Targeted Fuzzing for Unsafe Rust Code: Leveraging Selective Instrumentation

TL;DR

This work addresses the persistence of memory-safety vulnerabilities in Rust, which are concentrated in unsafe code. It introduces FourFuzz, a targeted fuzzing approach that uses partial instrumentation to focus coverage feedback on code paths that can reach unsafe blocks, implemented by patching the Rust/LLVMtoolchain to generate a block list from a compiled call graph and an unsafe-function map. The method achieves faster discovery of unsafe-code locations and finds more such locations across real-world Rust projects, while incurring no overhead during fuzzing and requiring only about 20% of the program functions to be instrumented. A compiler extension and a path-finder module enable accurate unsafe-code detection across dependencies, though the approach depends on reliable call-graph data, as demonstrated by a Naga case study. Overall, FourFuzz demonstrates that selective instrumentation is a viable and effective strategy for enhancing Rust fuzzing performance and security coverage with practical deployment considerations.

Abstract

Rust is a promising programming language that focuses on concurrency, usability, and security. It is used in production code by major industry players and got recommended by government bodies. Rust provides strong security guarantees achieved by design utilizing the concepts of ownership and borrowing. However, Rust allows programmers to write unsafe code which is not subject to the strict Rust security policy. Empirical studies show that security issues in practice always involve code written in unsafe Rust. In this paper, we present the first approach that utilizes selective code coverage feedback to focus the fuzzing efforts on unsafe Rust code. Our approach significantly improves the efficiency when fuzzing Rust programs and does not require additional computational resources while fuzz testing the target. To quantify the impact of partial code instrumentation, we implement our approach by extending the capabilities of the Rust compiler toolchain. We present an automated approach to detect unsafe and safe code components to decide which parts of the program a fuzzer should focus on when running a fuzzing campaign to find vulnerabilities in Rust programs. Our approach is fully compatible with existing fuzzing implementations and does not require complex manual work, thus retaining the existing high usability standard. Focusing on unsafe code, our implementation allows us to generate inputs that trigger more unsafe code locations with statistical significance and therefore is able to detect potential vulnerabilities in a shorter time span while imposing no performance overhead during fuzzing itself.
Paper Structure (23 sections, 5 figures, 3 tables)

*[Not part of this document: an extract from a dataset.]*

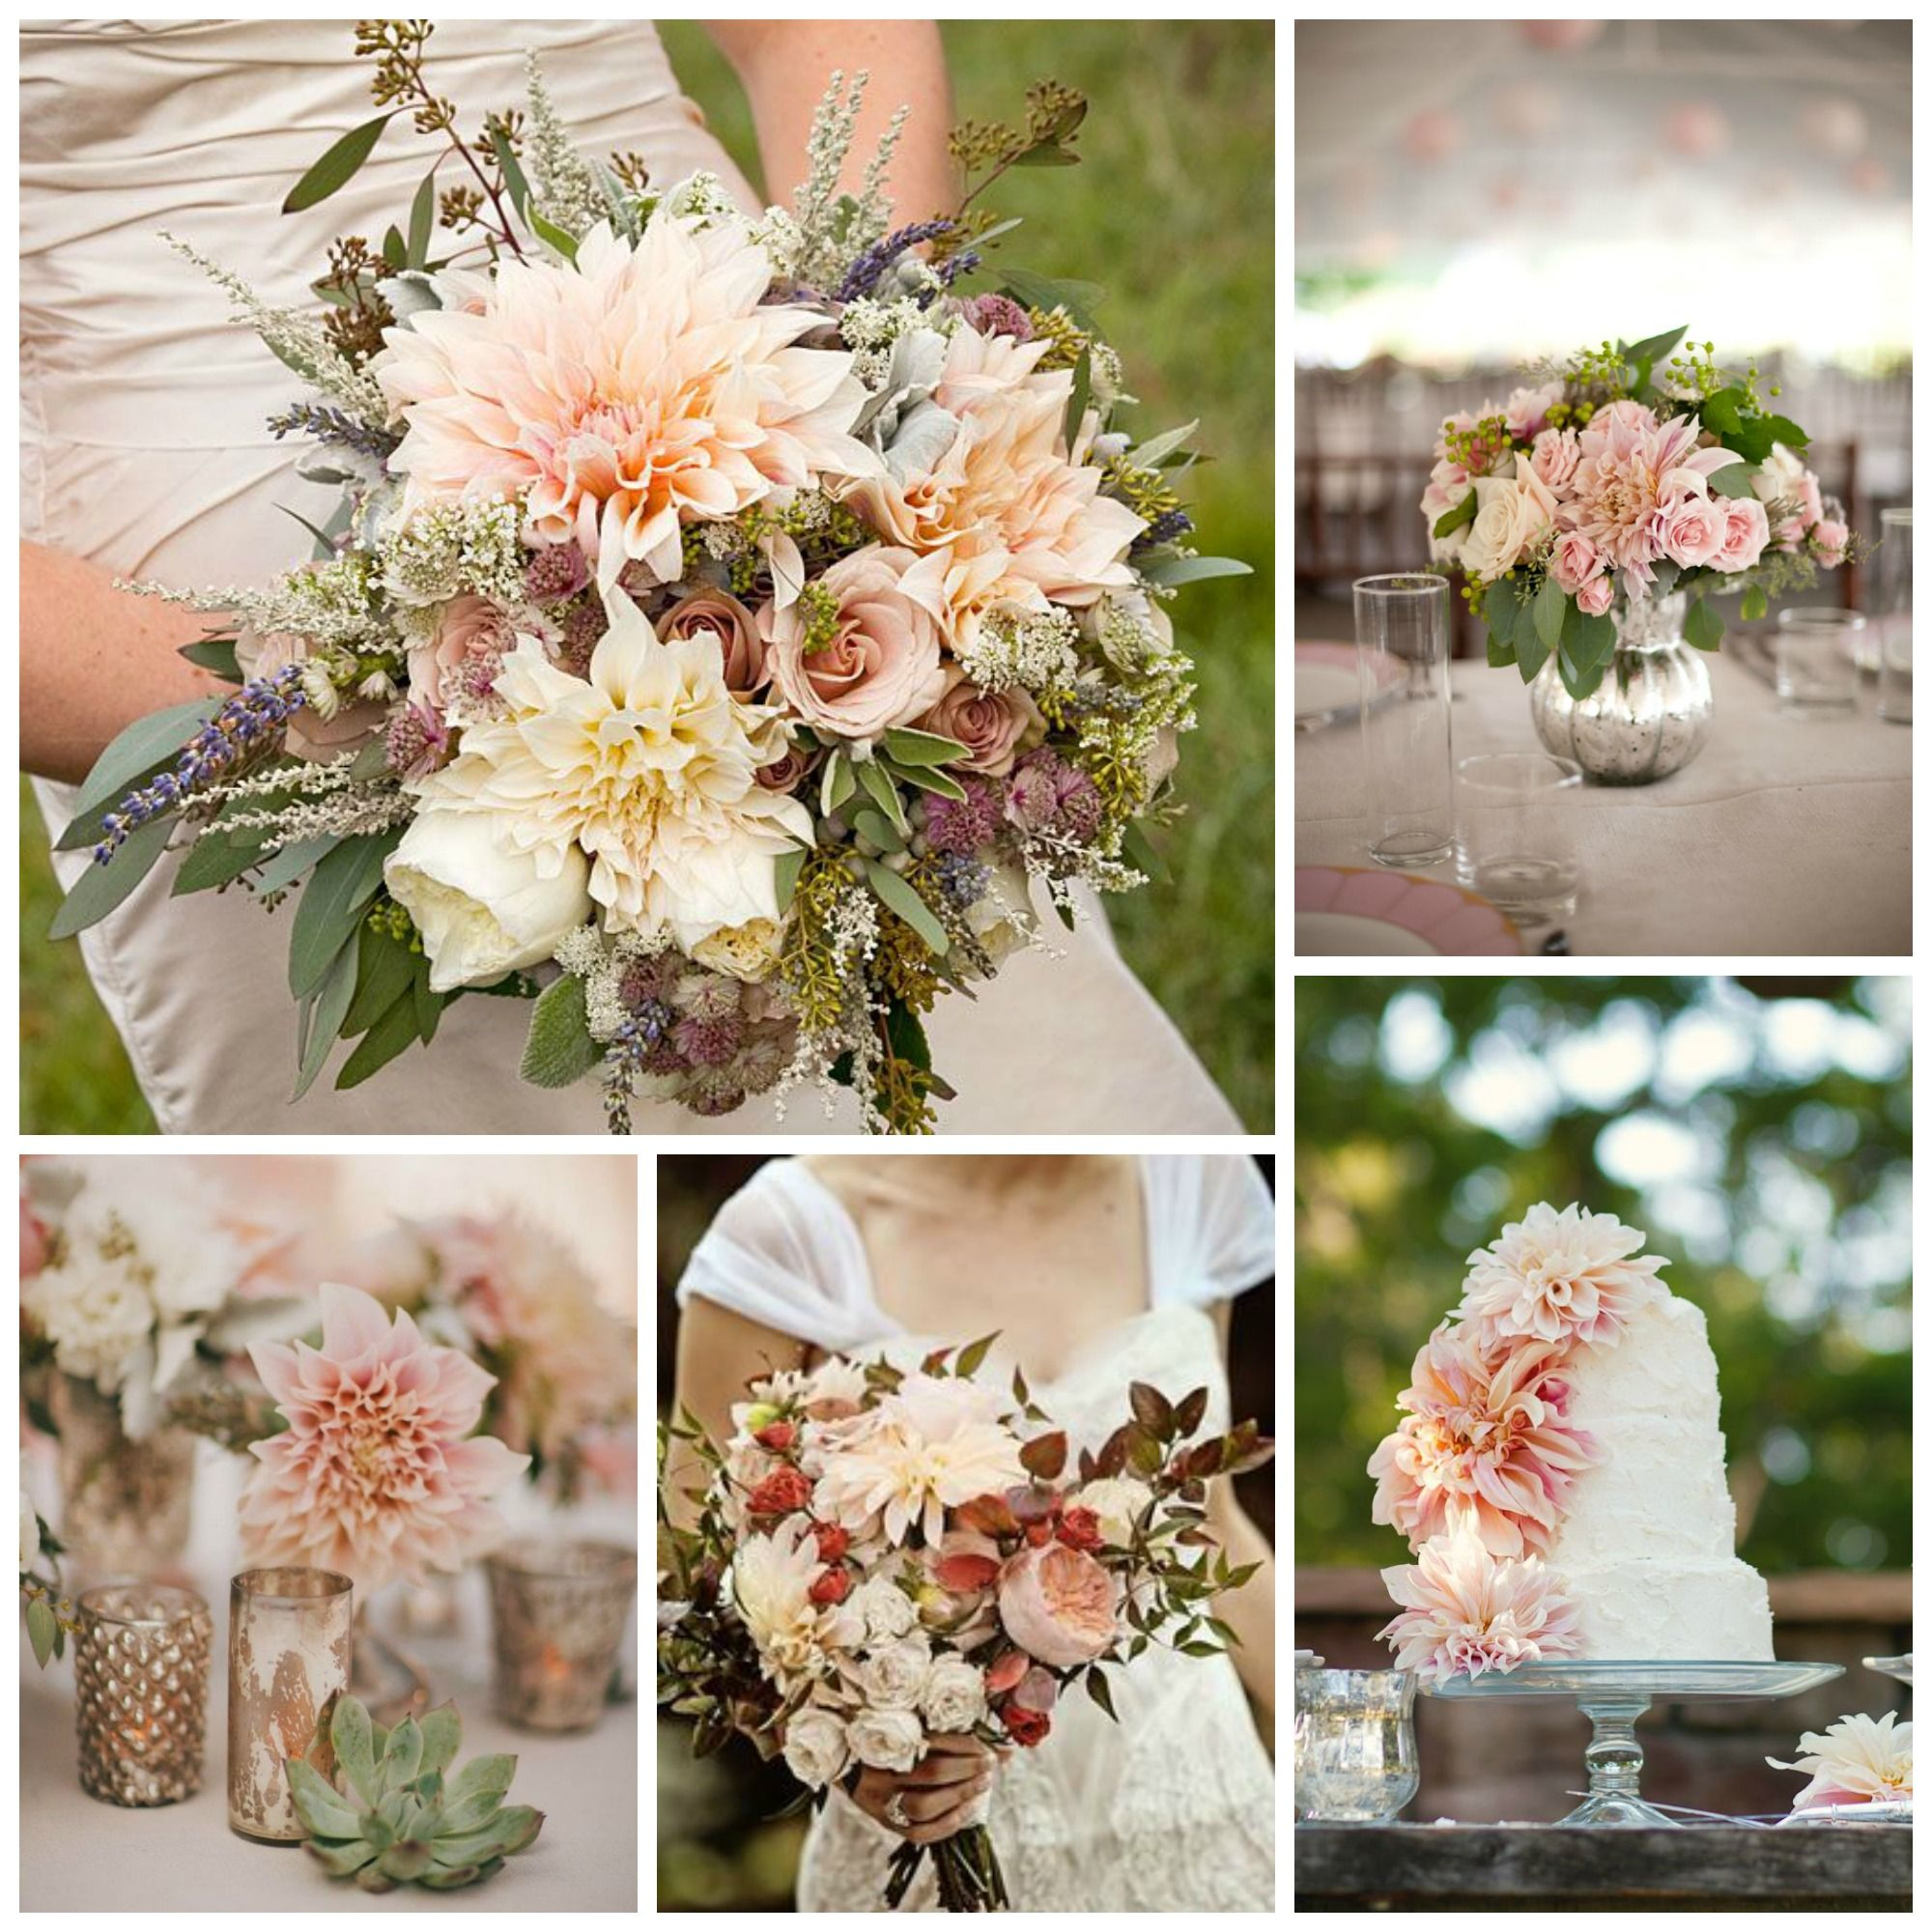 Wedding Flower Bouquets Trends – Part I

This paper contains 23 sections, 5 figures, 3 tables.

Figures (5)

  • Figure 1: Simplified overview of the Rust compilation pipeline.
  • Figure 2: Workflow of FourFuzz. First, we generate a block list which is subsequently used to build and fuzz a partially instrumented target.
  • Figure 3: Overview of the design of FourFuzz and its partial instrumentation approach.
  • Figure 4: Total number of times each fuzzer generates an input that executes a coverage oracle, i.e., unsafe code in the respective target project.
  • Figure 5: Comparison of the compilation times of afl.rs and FourFuzz which needs to build the target twice and generate the list of functions that only execute safe Rust code to create a partially instrumented program.